AWS Lambda (Serving): Lambdas for serving B2B/B2C requests.
- 100k invocations/month * avg 150ms duration * 256MB memory. All usage well within free tier. = ~$0.00

Amazon Timestream: Priced per GB of ingestion, storage, and queries.
- Ingestion: 30 days * 120 bldgs * 72 hr fcst * ~1KB/record = ~260 MB ingest/month. Free tier is 1GB. = ~$0.00
- Memory Store: Small, rolling window of recent data. ~1 GB * ~$0.036/GB-hr * 720 hrs = ~$25.92 (This can be high). Let’s assume we reduce memory retention to 1 day = ~$3.60
- Magnetic Store: ~3 GB/year. ~0.3 GB * ~$0.03/GB-month = ~$0.01
- Queries: 100k requests * ~10MB scanned/query (estimate) = ~1TB queries. $0.01/GB * 1024 GB = ~$10.24

$15 - $25

Storage & Logging

S3
ECR
CloudWatch

S3: Priced per GB-month. Lower processed/feature data volume than AD, but still need to store raw data.
- Assume total storage for Raw, Processed, Features, Artifacts = ~380 GB
- 380 GB * ~$0.023/GB-month = ~$8.74
- Add ~$2 for GET/LIST requests.

ECR: Priced per GB-month. For the EDF container image.
- Assume a separate 10 GB storage for EDF images. = ~$1.00

CloudWatch: Logs from all jobs and Lambdas.
- Assume ~10 GB log ingestion * ~$0.50/GB = ~$5.00

$15 - $25

Total Estimated Monthly Cost

-

-

$42 - $74

This detailed breakdown reveals that the highest operational cost for the forecasting system is the Forecast Storage & Serving layer, specifically the Timestream memory store and query costs. The batch ML compute costs for feature engineering, training, and inference remain very low. This highlights the importance of optimizing the database configuration (e.g., memory vs. magnetic retention) and query patterns for the serving APIs to manage costs effectively.

Challenges and learnings

Troubleshooting Guide

  1. SFN Failures: Check execution history for failed state, input/output, error message.
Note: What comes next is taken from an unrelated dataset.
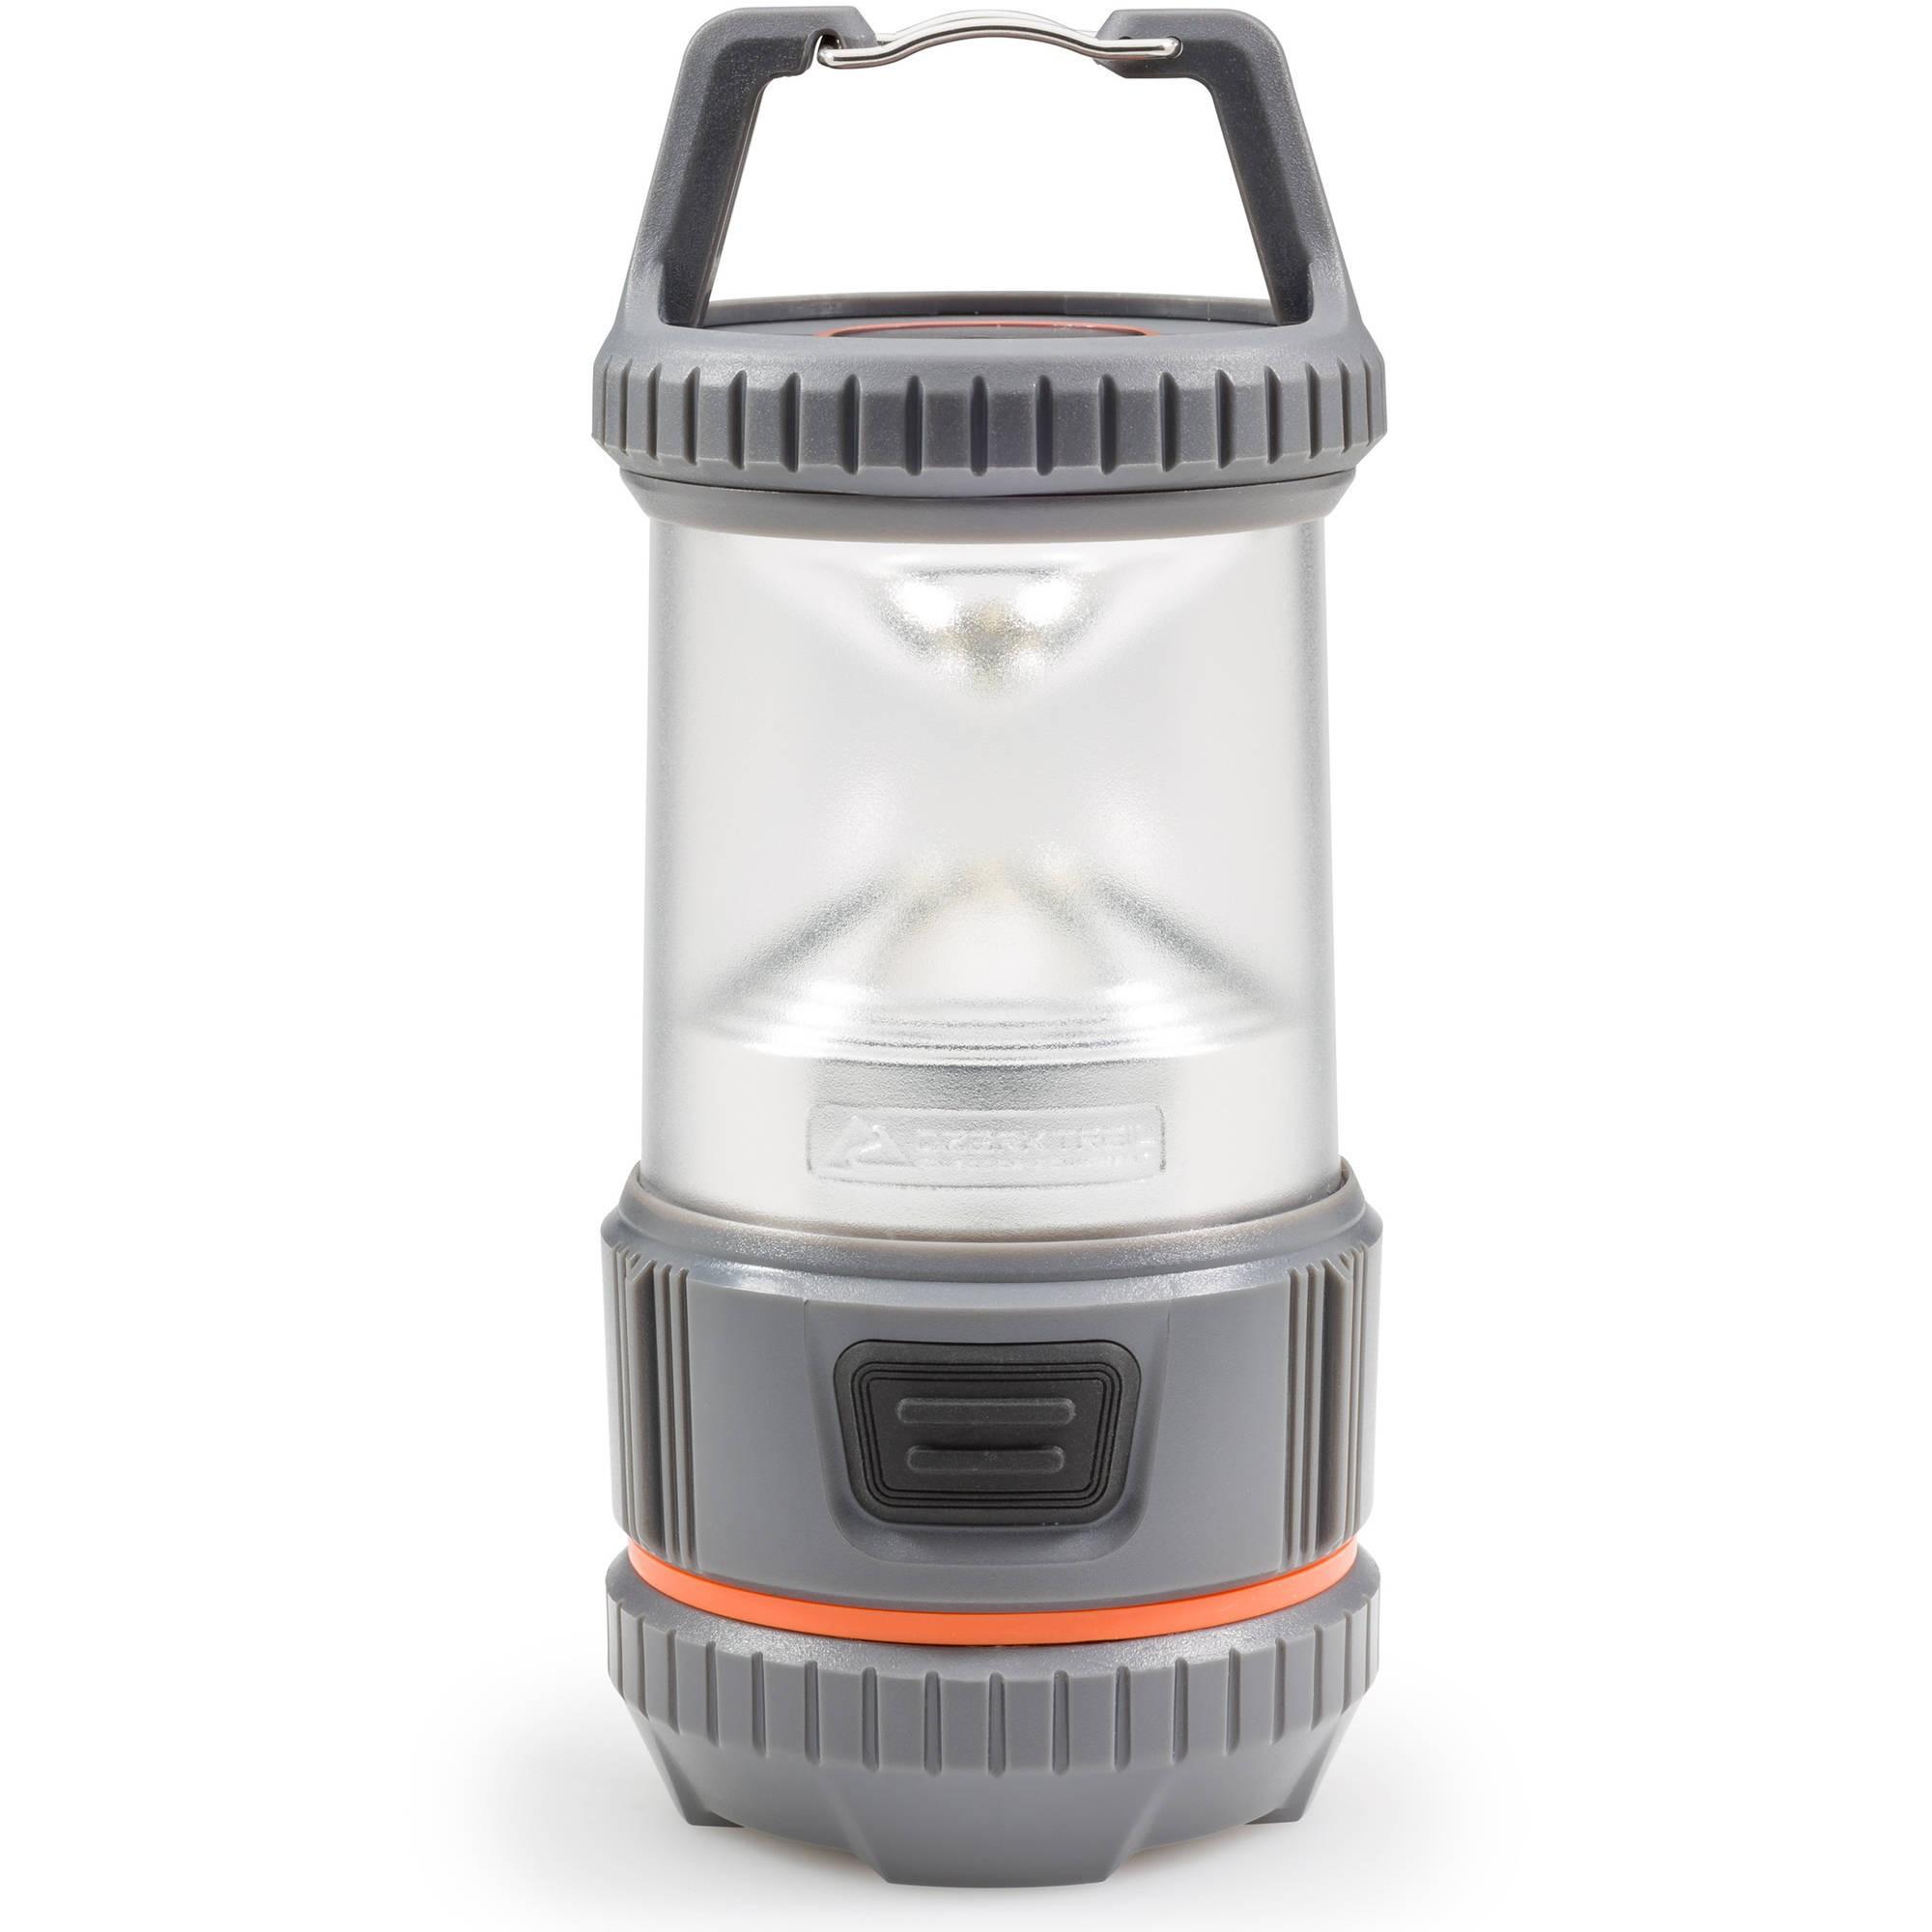 Fluorescent Light Fixture Parts Diagram Ozark Trail 100 Lumen Lantern with Carabiner Handle Walmart Of Fluorescent Light Fixture Parts Diagram

  2. Job Failures (Processing/Training): Check CloudWatch Logs for the specific job run. Look for Python errors, resource exhaustion, S3 access issues.

  3. Lambda Failures: Check CloudWatch Logs. Verify IAM permissions, input payload structure, environment variables, timeouts, memory limits. Check DLQ if configured.
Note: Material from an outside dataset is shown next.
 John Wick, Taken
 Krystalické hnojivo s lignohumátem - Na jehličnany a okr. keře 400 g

  4. Forecast Accuracy Issues:

    • Verify quality/availability of input weather forecasts.

    • Check feature engineering logic for errors or skew vs. training.

    • Analyze residuals from the model evaluation step.

    • Check if model drift has occurred (compare recent performance to registry metrics). Trigger retraining if needed.

    • Ensure correct model version was loaded by inference pipeline.

  5. Data Loading Issues (Timestream/RDS): Check LoadForecastsToDB Lambda logs for database connection errors, write throttling, data type mismatches, constraint violations. Check DB metrics.

  6. API Serving Issues: Check API Gateway logs and metrics. Check serving Lambda logs. Verify DB connectivity and query performance.

Security Considerations

  • Apply IAM least privilege to all roles.

  • Encrypt data at rest (S3, Timestream/RDS, EBS) and in transit (TLS).

  • Use Secrets Manager for any API keys (e.g., weather provider).

  • Secure API Gateway endpoints (Authentication - Cognito/IAM/API Keys, Authorization, Throttling).

  • Perform regular vulnerability scans on the EDF container image.

  • Consider VPC deployment and endpoints for enhanced network security.

Roadmap & Future Enhancements

  • Implement probabilistic forecasting (prediction intervals).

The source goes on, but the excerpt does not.